Taste and Smell

For the past few days, I have been sick with a flu, and I have had all the usual symptoms: headache, fever, runny eyes, runny nose, a cough. One day, while the unraked leaves beckoned as well as many other projects, I just lay on the couch, listening to Public Radio. I like Public Radio as much as the next person, but lying around all day drives me nuts. While in the usual course of a day I have plenty of quiet time—for reading and writing—I also have quite a bit of active time for chores and exercise, and that’s exactly how I like it.

But the thing that bothered me the most was losing my sense of smell and taste, which always happens when I have a cold or the flu, and even though I have come to expect this loss, I still dread it.
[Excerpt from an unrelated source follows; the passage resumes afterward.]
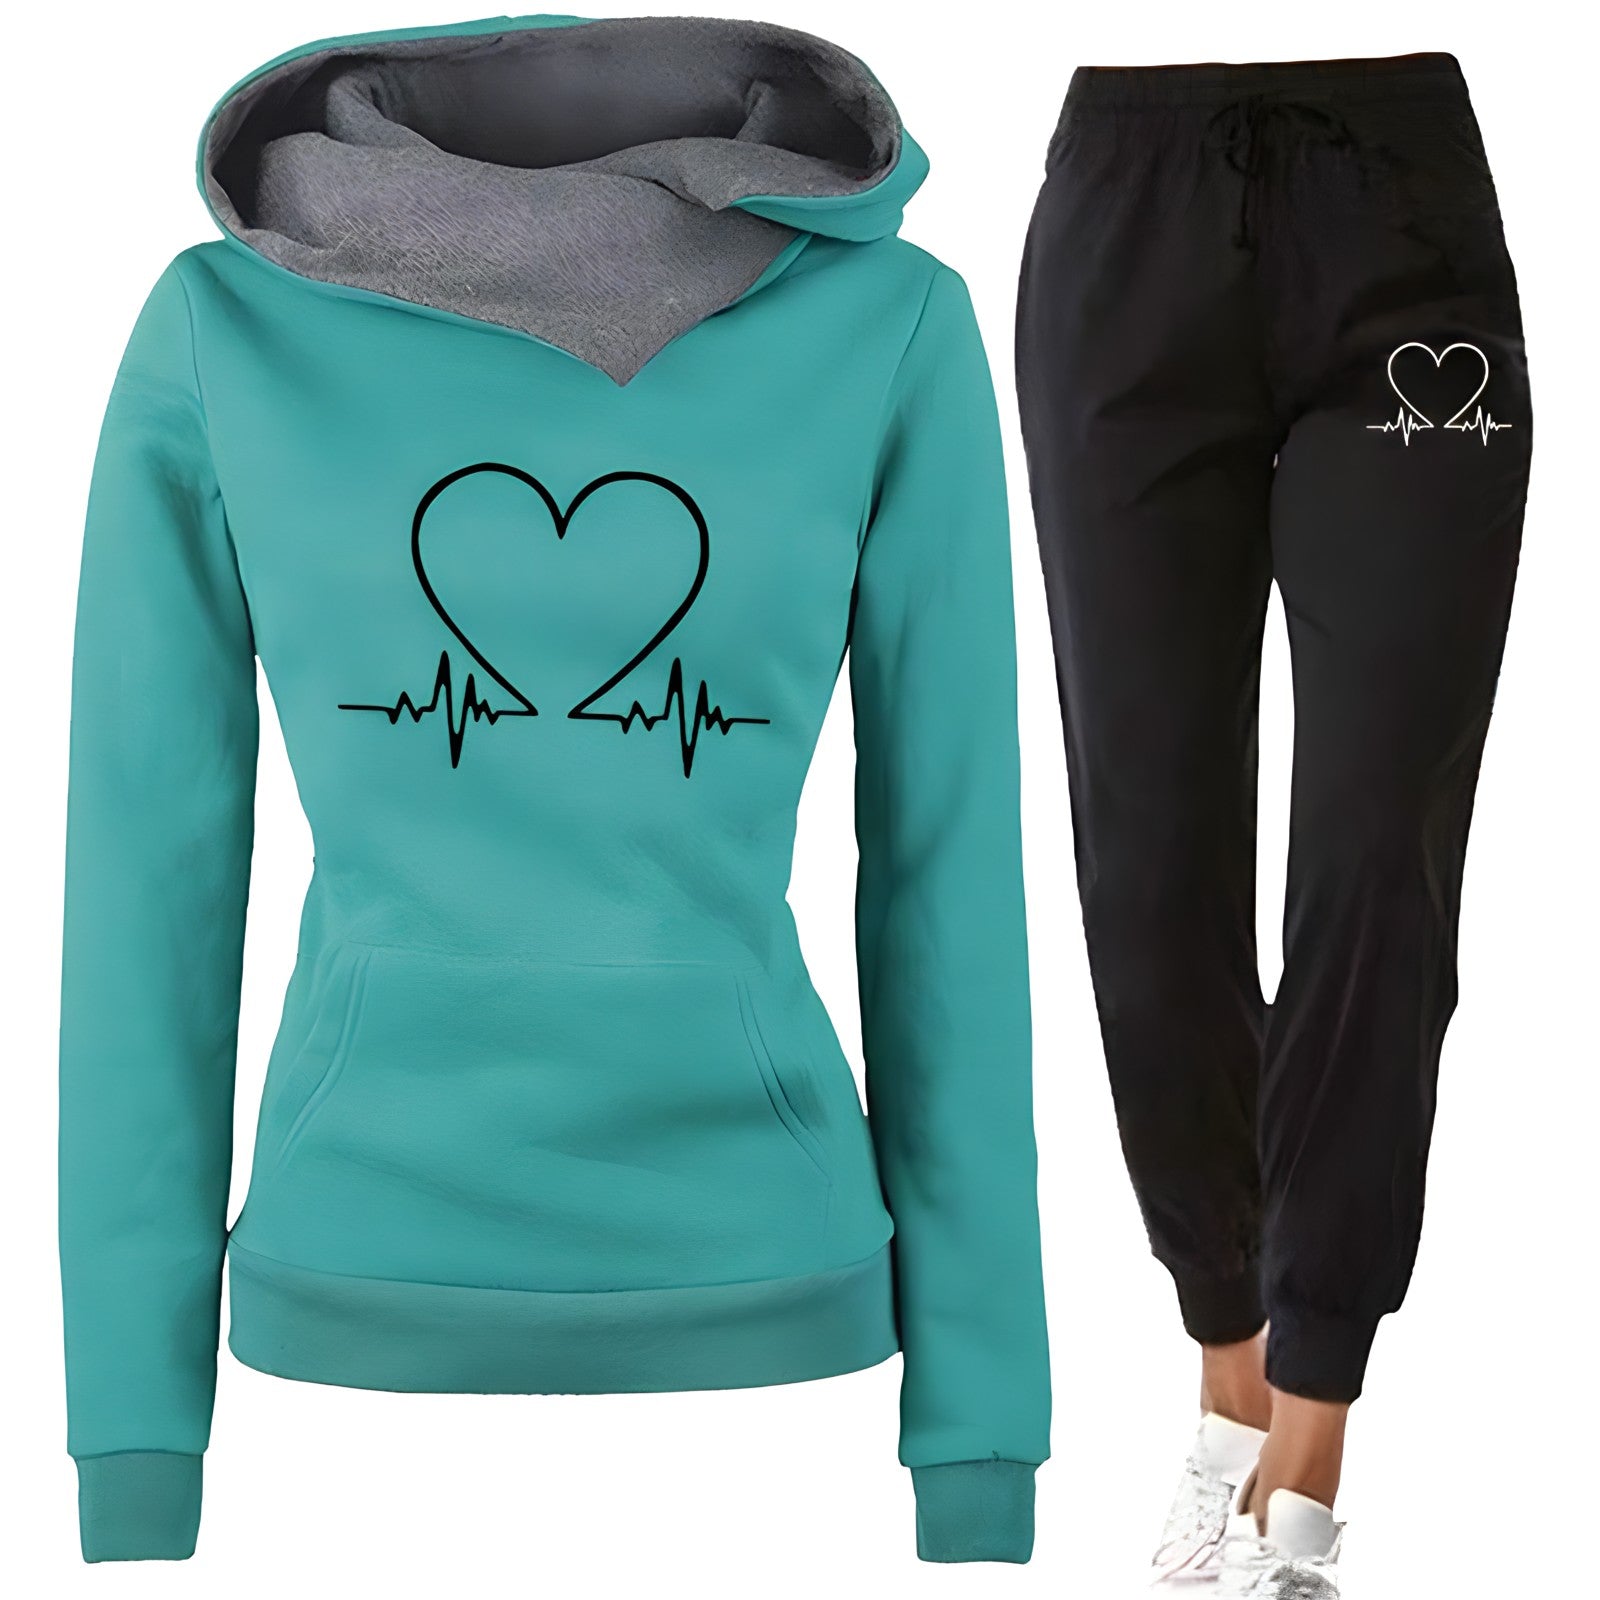 Laure - Cozy and warm jogging suit

It seems strange, I know, to mind not having a sense of taste or smell when the head is pounding and the eyes and nose are running none-stop, but I do.

Ever since I can remember, I have had a very keen sense of smell and taste, and I can smell things that my husband, Clif, can only dream of. One day, quite a few years ago, we were in Boston, having lunch at Quincy Market. As we ate, I picked up a strong smell, the smell of a horse. In Boston? In Quincy Market?

“Clif,” I said, “You’re going to think I’m crazy, but I smell a horse.”

I expected him to agree that I was indeed crazy, but instead he smiled and shook his head.

“What?” I asked.

“Look behind you.”

And there, a block or so away, was indeed a horse with a police officer.

Was Clif, who can hardly smell a thing, impressed? You bet he was.

My world is as much defined by smell and taste as it is by sight and hearing. When taste and smell are gone, I feel a little unmoored, unable to translate the world in my accustomed way. Something dear and essential is missing.

Each time this happens, I always think, “What if I never get my sense of taste and smell back? What if I’m like this for the rest of my life?”

What a horrible thing it would be. Fortunately, after a cold or flu, I have always regained these two senses, and how glad I am to have them back.

Quite rightly, we place a high value on sight and hearing, and I certainly wouldn’t want to lose either of those senses. But it seems to me that we undervalue taste and smell, and often it is only when they are gone that we realize how vital they are.

My sense of smell and taste were only gone for one day. Now when I eat toast, made from my homemade bread, I can taste the slightly sweet and nutty flavor of the whole wheat flour as well as the butter, rich and salty. My grapefruit has its wonderful tang softened by a little sugar.

I might not be completely well, but with my sense of taste and smell restored, I feel much, much better.